United India Insurance Co. Ltd., DMA Building DMA Road,

Darya Ganj, Delhi-110002                                                              ...Opposite Party


                                                                                    Date of filing:             12.09.2016

                                                                                    Date of Order:            17.11.2023

Quorum: Shri Inder Jeet Singh, President

                Ms. Shahina, Member -Female



Inder Jeet Singh , President


1.1. (Introduction to case of parties) – The complainant/Insured has grievances of deficiency of services and of unfair trade practice against OP, since the complainant took private car package policy vide policy no. 0417003115P100551850 w.e.f. 15.04.2015 to 14.04.2016 (hereinafter referred as insurance policy) from Insurer/OP in respect of car bearing registration no. DL-01-CM-3797,  (briefly ‘the vehicle’).
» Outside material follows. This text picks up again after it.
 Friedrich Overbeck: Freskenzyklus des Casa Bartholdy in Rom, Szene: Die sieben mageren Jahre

On 11.07.2015 the vehicle was stalled underpass near Azadpur Sabzi Mandi because of rains in the rainy seasons, its engine stalled and stopped all of sudden. The complainant informed the Insurer and also lodged claim, however, the valid claim was not settled and all of a sudden a meager amount of Rs. 1,61,303/- were credited in the account of complainant against bills amount of Rs. 5,69,657/-. That is why, the complaint for balance insurance amount of Rs.4,08,354/-, besides compensation of Rs. 50,000/- towards distress and mental agony, award of Rs. 1,00,000/- for loss of business hours of complainant, costs of complaint and other reliefs.

1.2. The OP has opposed the complaint in strong wordings on the ground the complaint is false, it is filed to extort money under the garb of compensation and no cause of action remains after exhausting remedy of redressal before Ld. Insurance Ombudsman Delhi, who dismissed the complainant’s complaint on 18.01.2016 (the operating part of findings of Ld. Insurance Ombudsman is also reproduced in para 5 of preliminary objection in the written statement). The claim was processed as per norms, the surveyor’s report was also considered and accordingly the claim was reimbursed to the extent admissible. The complainant is not entitled for any further relief being claimed, for want of deficiency of services or unfair trade practice.
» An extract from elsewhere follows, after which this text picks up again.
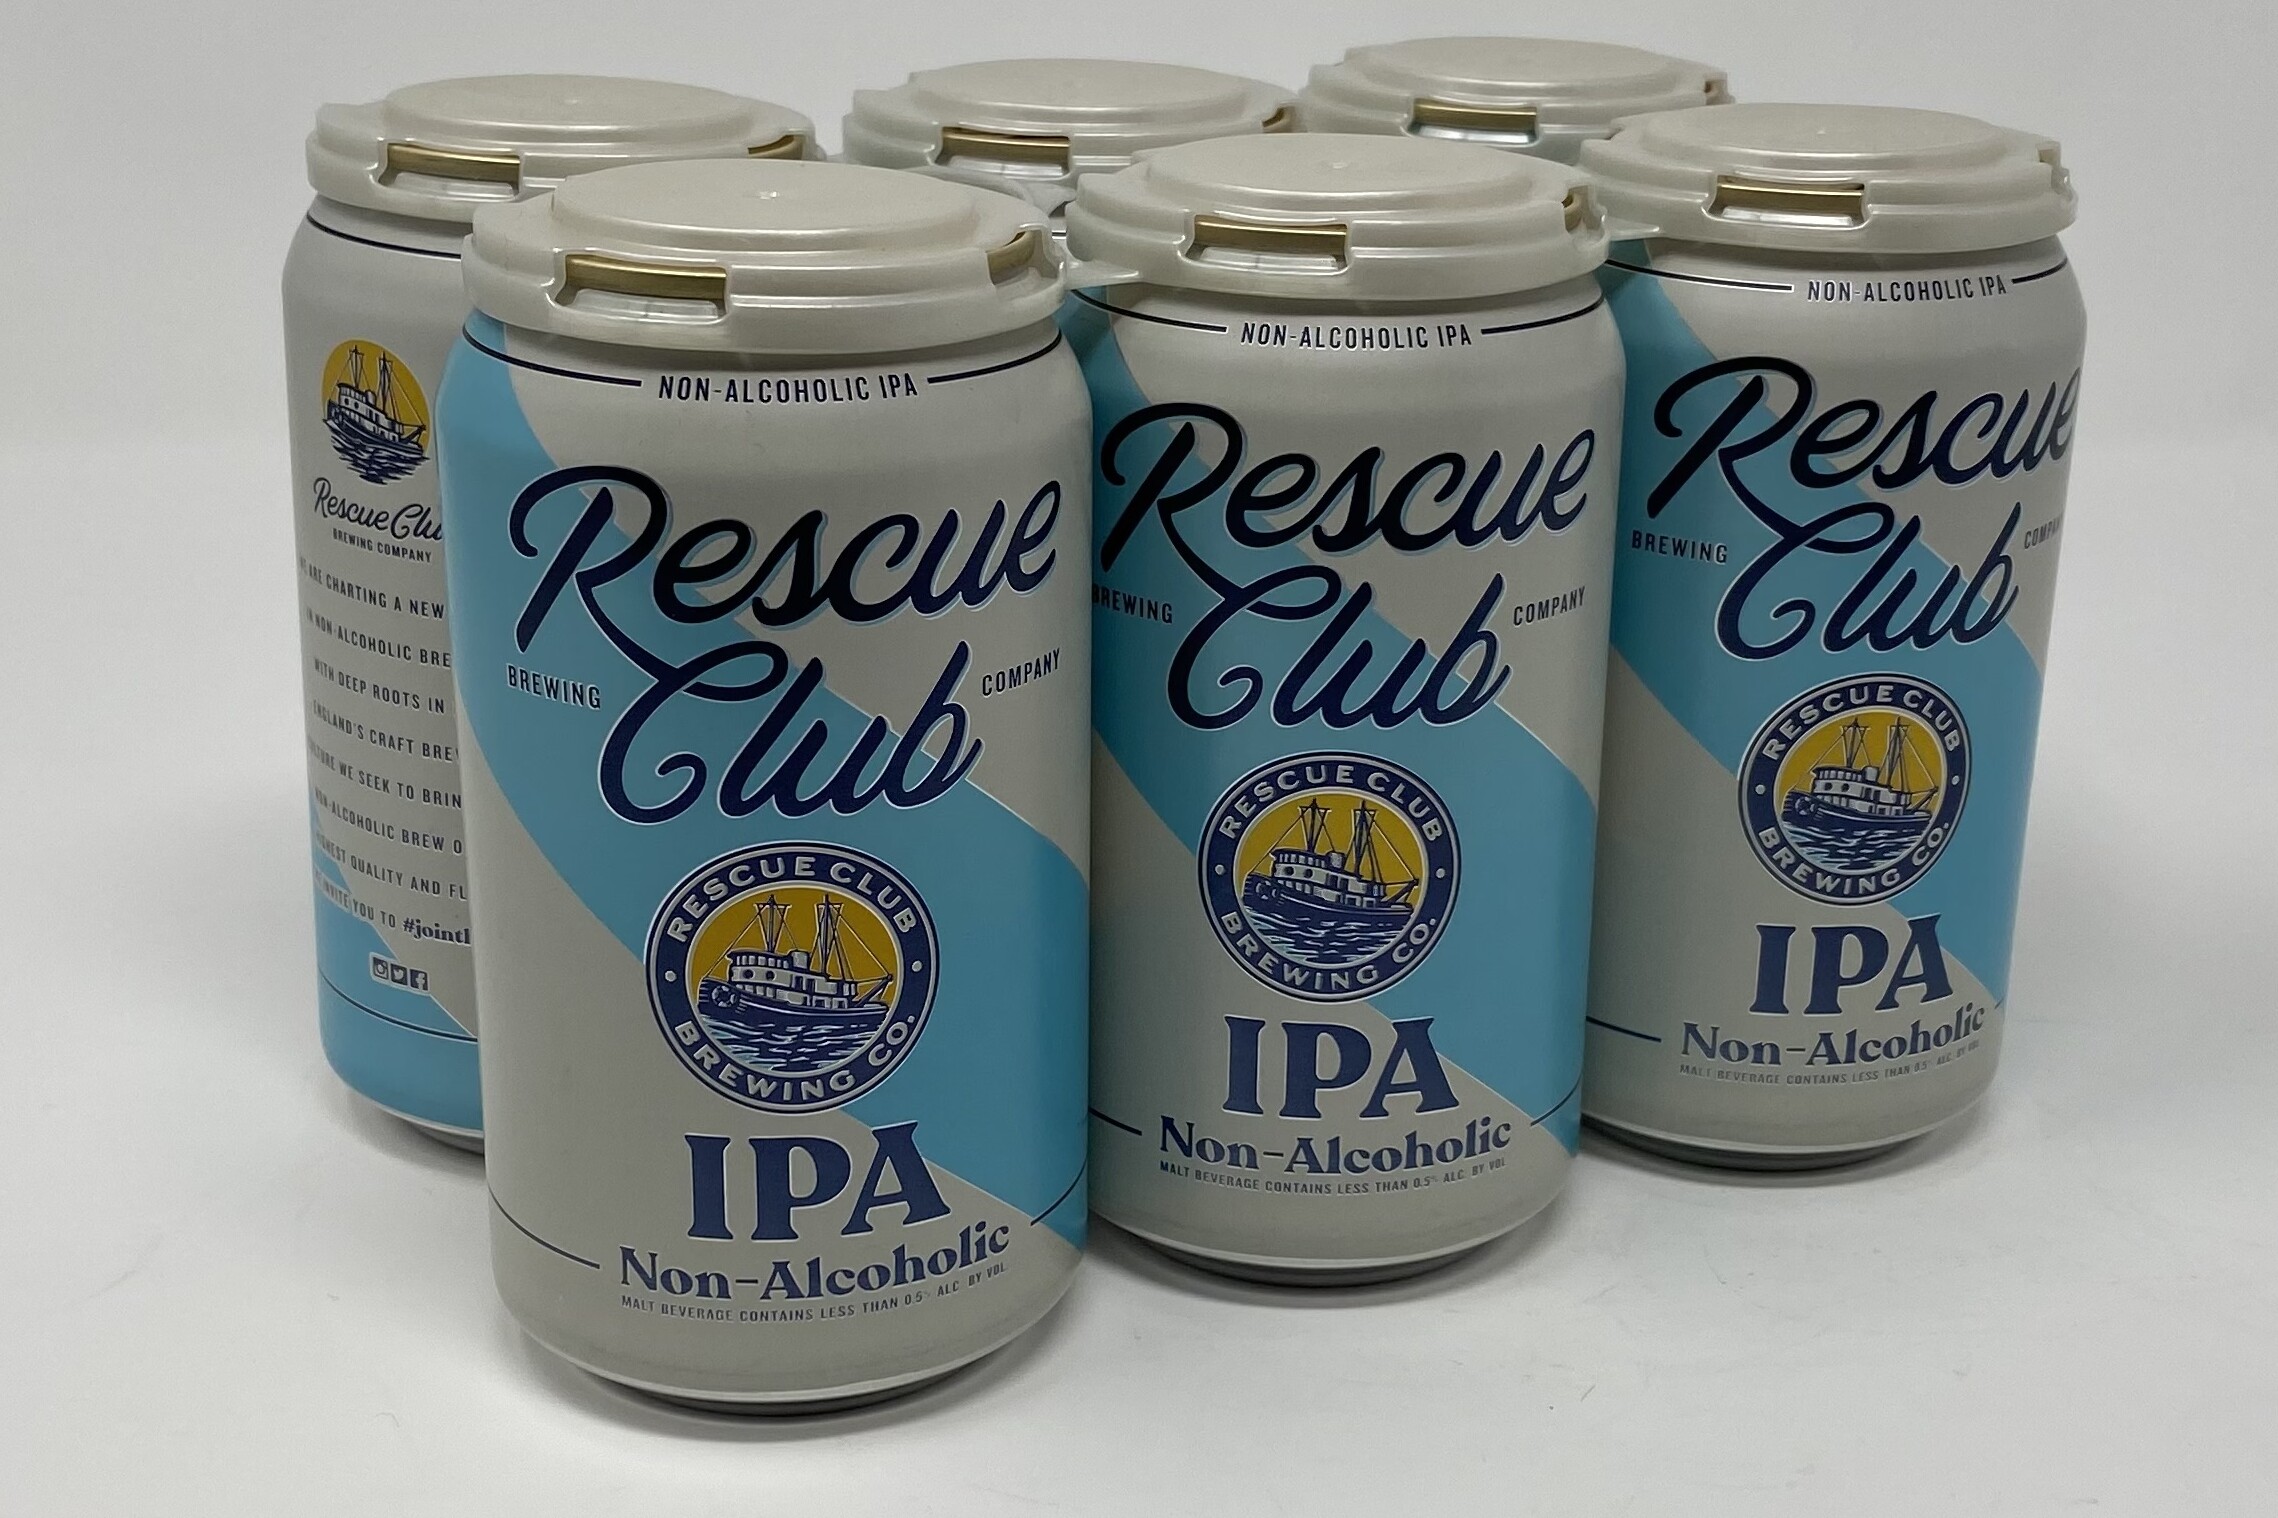 Rescue Club Brewing Company, IPA Non-alcoholic

1.3. It is relevant to mention here, the OP has filed detailed written statement under the heading of ‘preliminary objection’ and ‘reply on merits’. As per matter of record, the reply on merits is exactly not reply to facts to the corresponding paragraphs of the complaint but general narration of OP’s own plea/case. Therefore, the case of parties will be narrated as per pleadings.


2.1. (Case of complainant) –The complainant is a proprietorship firm of Sh. Pradeep Goel, who authored the complaint. The complainant took insurance policy of the vehicle from the OP. It is zero depreciation policy and complainant paid insurance premium of Rs.58,774/-.  During the currency of insurance policy, the complainant suffered damages on 11.07.2015 that there were rains being rainy seasons and when complainant was taking the car through underpass near Azadpur Sabzi Mandi at slow speed of 20 kmph, the engine of vehicle suddenly stalled and stopped; the traffic was moving very slow due to small water-logging. Since the engine of vehicle was stopped, the car was towed to the BMW workshop for checking and repairs. The OP was informed, who appointed the surveyor and to estimate the damages caused. On 25.07.2015, the complainant was informed that cashless facility was not being allowed to the complainant and complainant has to bear the expenses of repairs of the car.

2.2. Initially, the surveyor was not willing to promptly inspect the vehicle and he delayed inspection but it was conveyed to the complainant to get the repair started on his own costs and the surveyor will visit later-on to inspect the car. On 25.07.2015, the complainant was finally informed that cashless facility was not being allowed and complainant has to bear the expenses. The repair of car was then started after 25.07.2015 but by that time enormous damage was caused to the vehicle due to delay tactics and callous attitude adopted by the OP and its surveyor. There was corrosion and more damage in the engine part, because of want of inspecting the vehicle promptly, which also accelerated the repair cost. The repairs of the car were completed by the workshop after 27.08.2015 and bills of Rs. 5,69,657/- was raised towards the repair of the car.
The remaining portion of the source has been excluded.